# trying to find 52 caliber bullets



## G5Dual (Oct 27, 2006)

Looking for bullets/sabots for my 52 cal Knight Long Range Hunter muzzle loader.
From what I am finding or should I say, not finding, I'm afraid they are not available anywhere. Any help appreciated.


----------



## P&Y142 (Jan 25, 2008)

Try Jays in Clare I belive they carry the 52cal but not sure how big of a slection they have. I looked on there web site and didn't see much but it's not the best web site. JAYS NUMBER 1-989-386-3475


----------



## mparks (Sep 4, 2001)

You can get the sabots from mmp or knight to fit .452 bullets.
_Posted via Mobile Device_


----------



## BUSTA'YOTE (Aug 26, 2003)

G5Dual said:


> Looking for bullets/sabots for my 52 cal Knight Long Range Hunter muzzle loader.
> From what I am finding or should I say, not finding, I'm afraid they are not available anywhere. Any help appreciated.

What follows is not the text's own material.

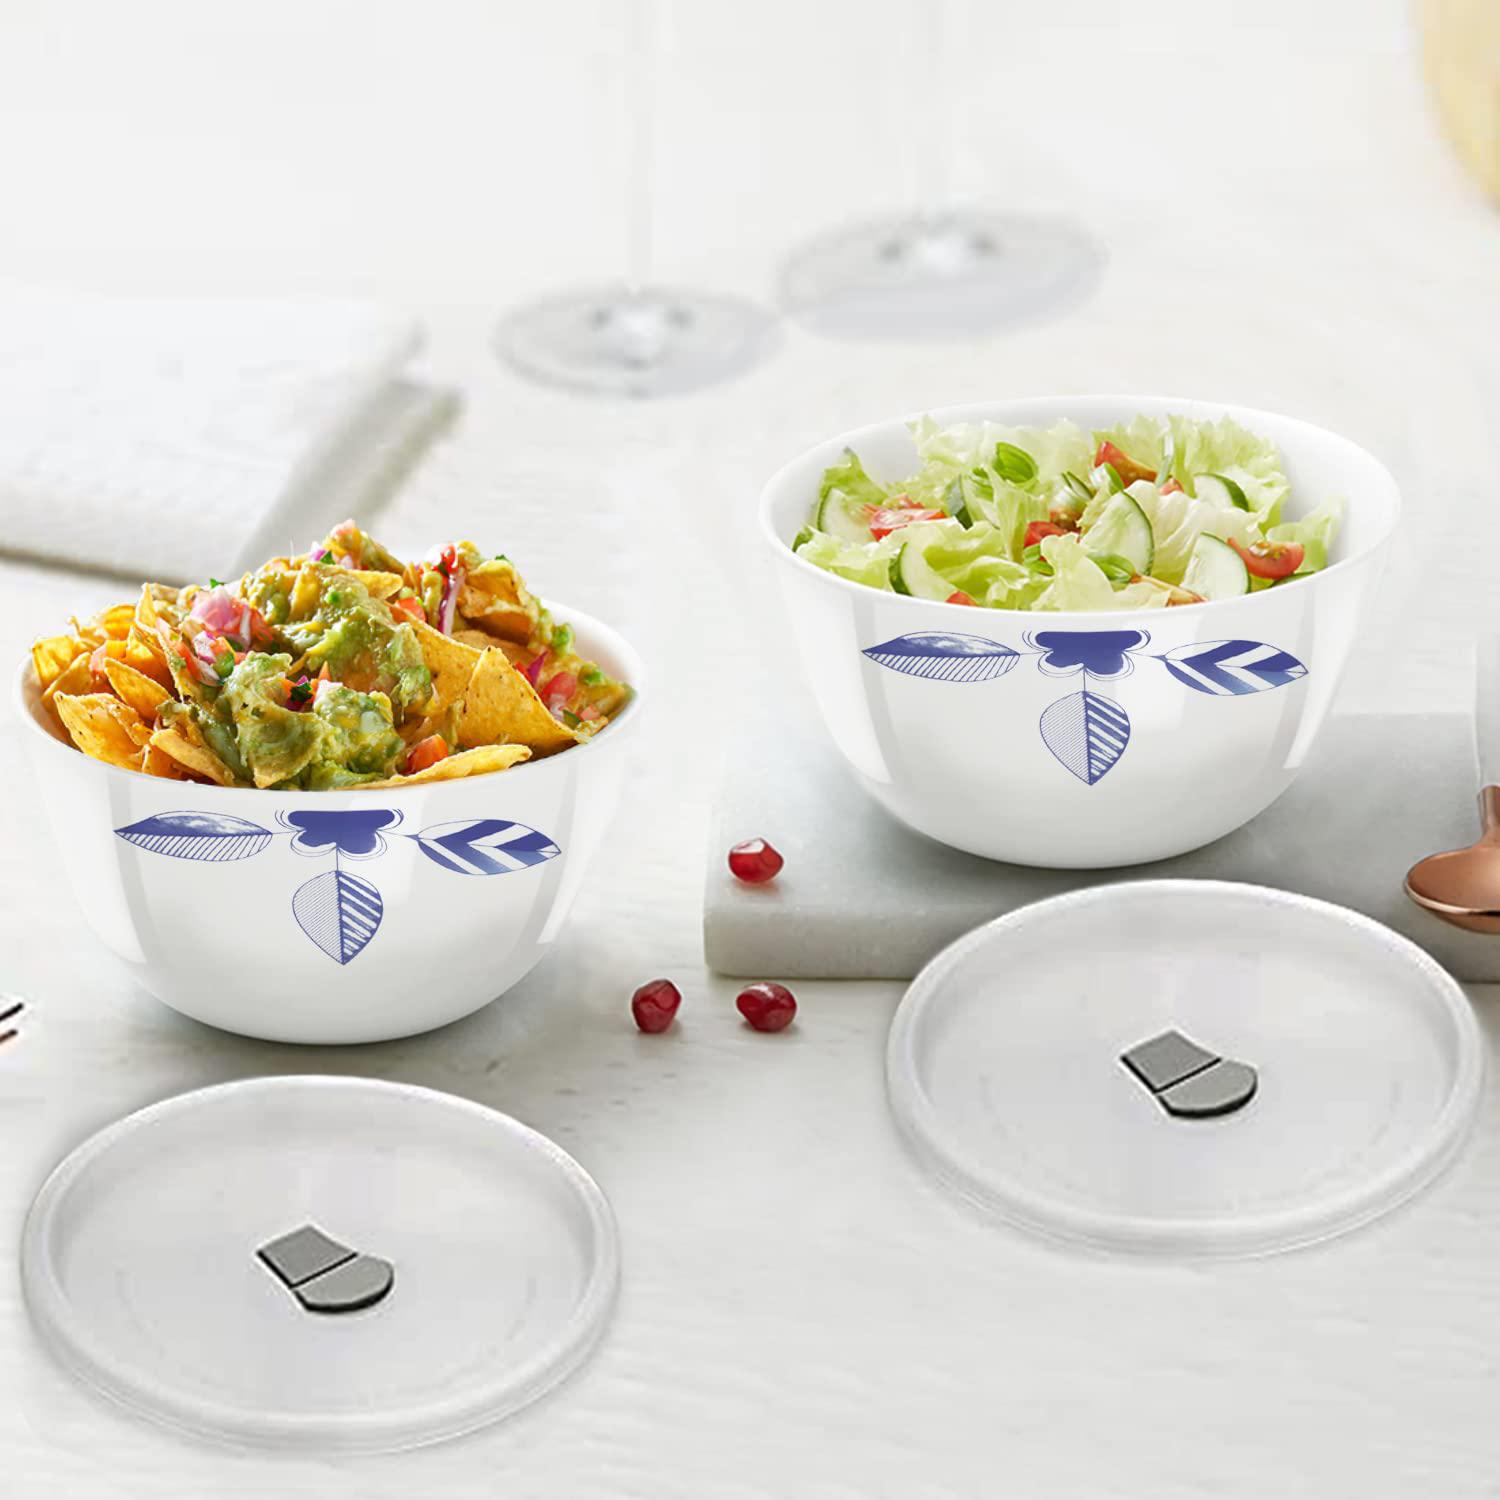 Larah by BOROSIL borosil serving bowls for entertaining, set of 2, 24 oz,  lightweight ceramic bowls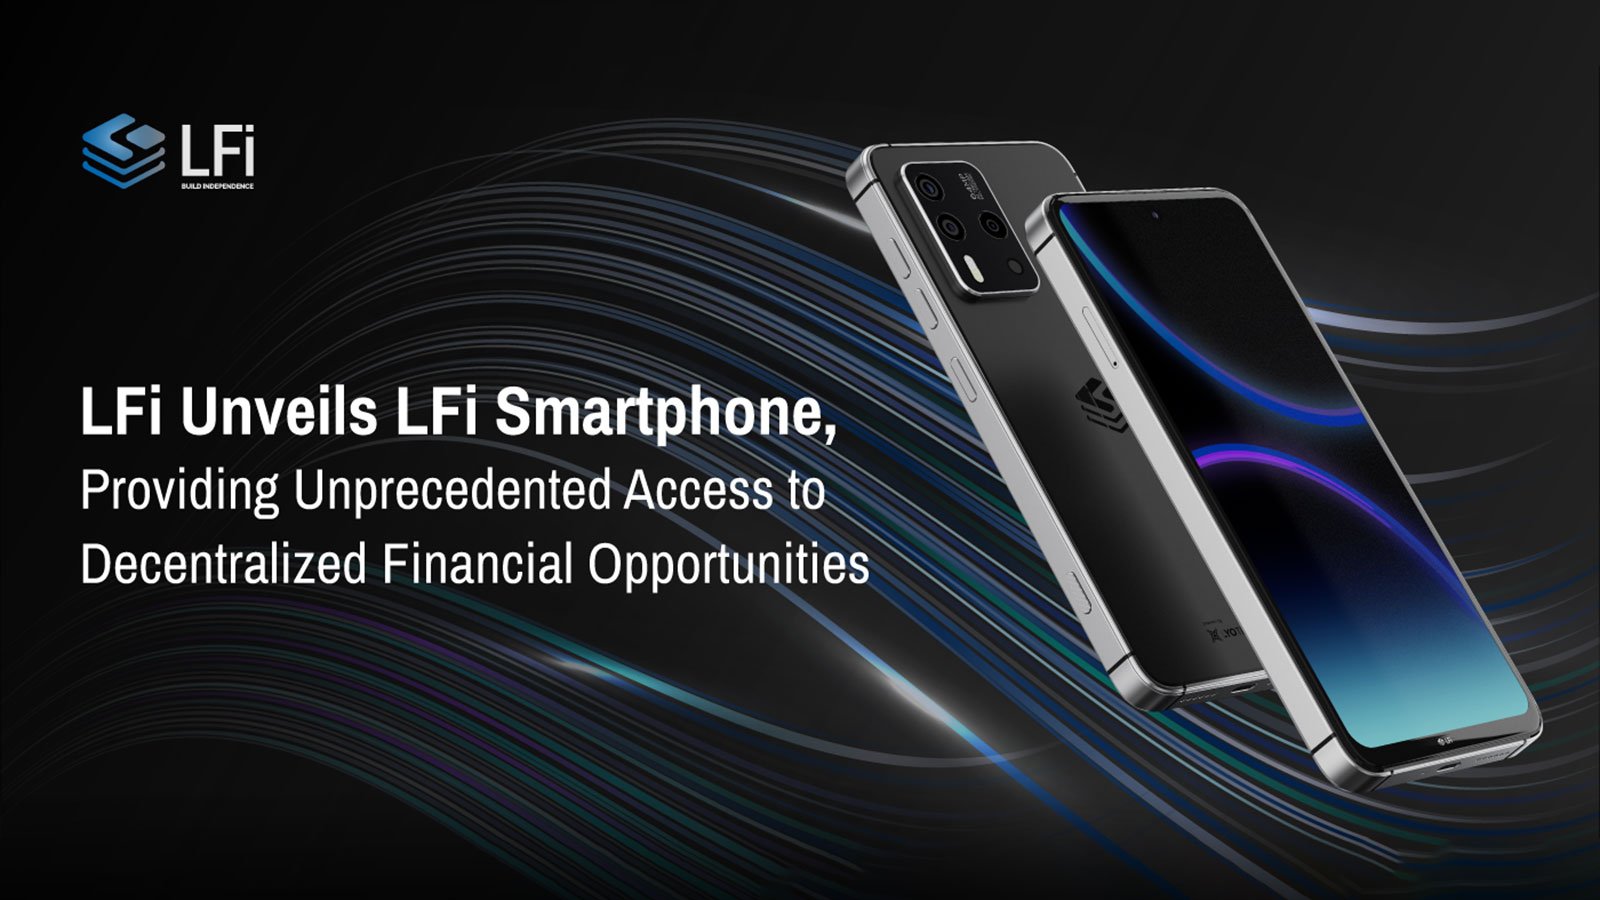 LFi Unveils LFi Smartphone, Providing Unprecedented Access to Decentralized Financial Opportunities

Unfortunately the .52 bullets seem to be drying up, even Knight no longer has them listed on their site. This was the problem With Knight, trying to fill a niche that really didn't need filling. Don't get me wrong, the .52 is a real powerhouse, but not if you can't find bullets for it.

Parker Productions has the Full bore 530 gr lead conicals in the Hydra-Con and Traditional Hunter, but they sure aren't cheap. They made these for Knight. MMP made the sabots I believe and Barnes made the bullets for the saboted bullets. It would be nice if Knight isn't going to provide the 52 cal saboted bullets, that they would release the right for MMP to sell the 52 cal sabots. Knight created this monster, now you can't even feed it.

http://www.parkerproductionsinc.com/agora/agora.cgi?product=Bore_Size&ppinc=1a

A custom mold might be the way to go, if you still want to shoot the .52 cal. Hard telling how long Parker will produce these bullets, or if they are just trying to clear out inventory?


----------



## Grouse Hunter (Jan 23, 2000)

saw some barnes in .52 today at Williams. These are good bullets.


----------



## G5Dual (Oct 27, 2006)

Thanks for all the help. I'm actually trying to get information for my husband while he is gone hunting. He was using the Red Hots 52/375 bullets. (williams had the 52/275)

He had a heck of a time even locating the Knight Long Range Hunter when they came out. Finally got one just before season. Got a new scope too. Couldn't get it to pattern consistently. Scope problem or gun problem? Both were new. Not enough time to get taken care of before season.

Eventually figured out it was the scope. Sent scope back. New one arrived. Got it set. Used it to kill one deer the following season. Would no longer pattern. Went back to old muzzle loader for remainder of the second season. Sent scope back again. They replaced it with new one.

Now this season is approaching and no bullets available. I think between the gun and scope, he must have at least $1,300 into it. Would be nice to be able to use it.

I'll keep trying.

Thanks again to everyone for the input.


----------



## G5Dual (Oct 27, 2006)

Just thought I would let you all know that I found close to what I was looking for. I got the Red Hots 52/350 from Scheels Sporting Goods located in Iowa. They said they were pretty well stocked in Knight accessories.


----------



## Critter (Mar 3, 2006)

Bobs Gunshop in Hastings had three or four packs of the 350s last time I was in there. I debated about buying a .52 but didn't for exactly this reason. I do think I might have to buy one of the LRH .50s though.


----------



## BUSTA'YOTE (Aug 26, 2003)

G5Dual said:


> Just thought I would let you all know that I found close to what I was looking for. I got the Red Hots 52/350 from Scheels Sporting Goods located in Iowa. They said they were pretty well stocked in Knight accessories.


Try these guy's. It is my understanding that they were the #1 Knight Dealer in the nation, but I don't know for sure. I do know that Knight gave me their # for ordering Knight accesseries, and they always had what I needed in stock. They will ship to you as well. Someone out there has bought up the .52 cal bullets/saboted bullets, it is just a matter of finding out where they are. My bet is these guy's will have them, or be able to tell you who does.

Gregerson Ace Hardware
880 Cedar St
Baldwin, WI 54002-9353
(715) 684-3246


----------



## G5Dual (Oct 27, 2006)

Thanks for the tip. I just ordered 25 boxes of the 350 grain. Should be set now. Have managed to track down a total of 45 boxes.

Happy Hunting Everyone


----------



## sourdough44 (Mar 2, 2008)

Yes, I bought at least 2 of my Knight rifles from that Ace in Baldwin, WI.


----------